**What is required**. Here the job is to transcribe the data exactly while omitting the images.

[Data items]
________________________

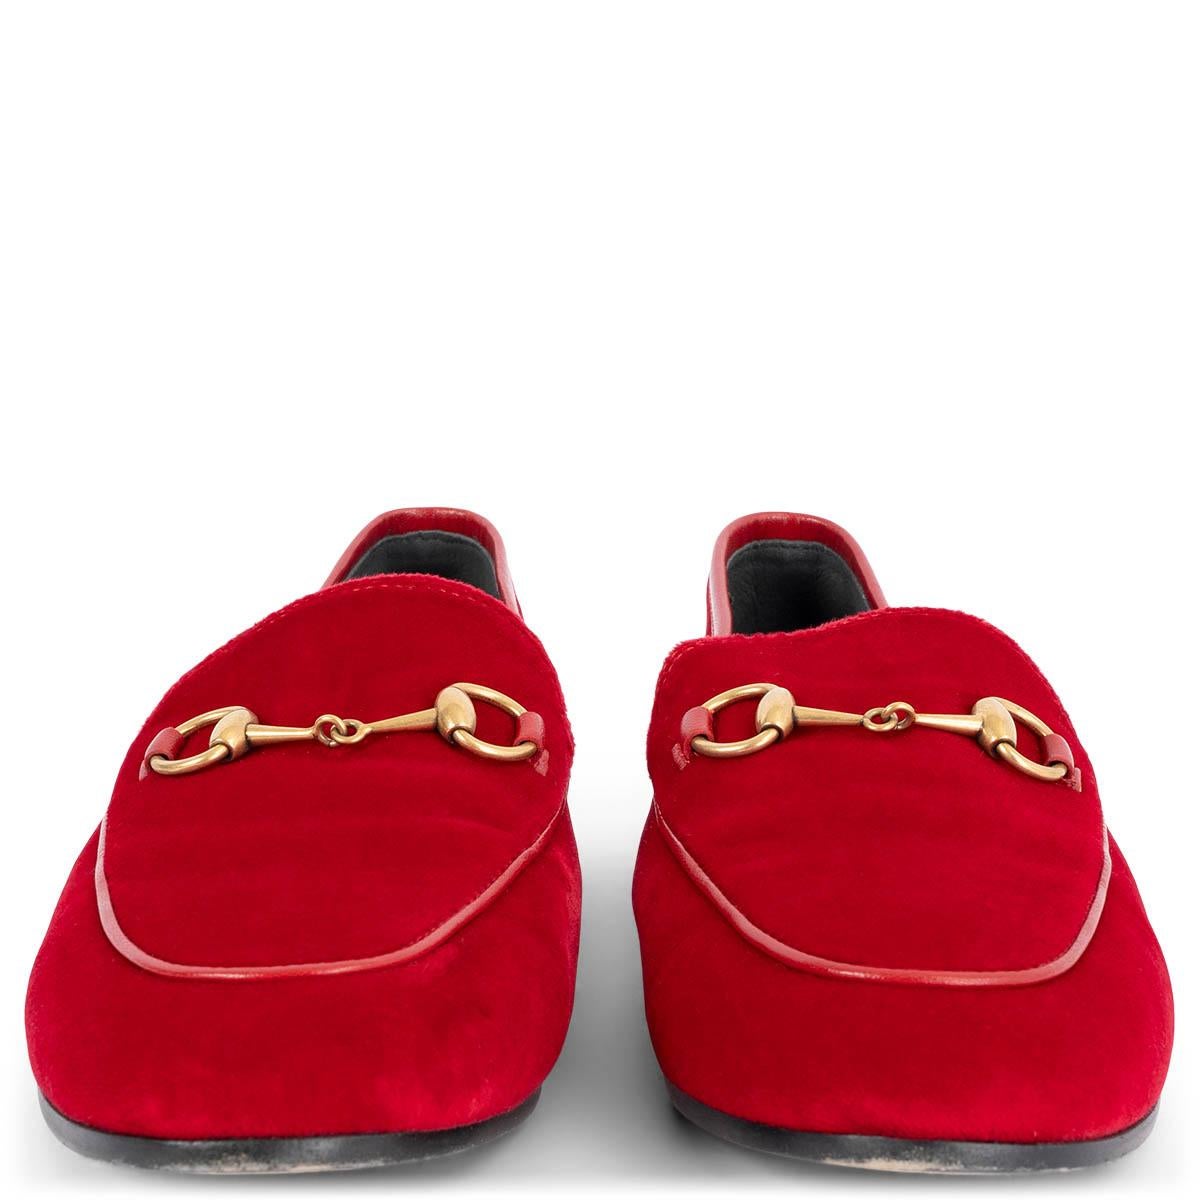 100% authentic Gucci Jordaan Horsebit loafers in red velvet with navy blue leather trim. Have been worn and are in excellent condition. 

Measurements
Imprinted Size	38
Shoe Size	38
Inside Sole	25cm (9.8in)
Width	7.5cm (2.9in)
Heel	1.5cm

________________________

**Response area**.
 100% authentic Gucci Jordaan Horsebit loafers in red velvet with navy blue leather trim. Have been worn and are in excellent condition. 

Measurements
Imprinted Size	38
Shoe Size	38
Inside Sole	25cm (9.8in)
Width	7.5cm (2.9in)
Heel	1.5cm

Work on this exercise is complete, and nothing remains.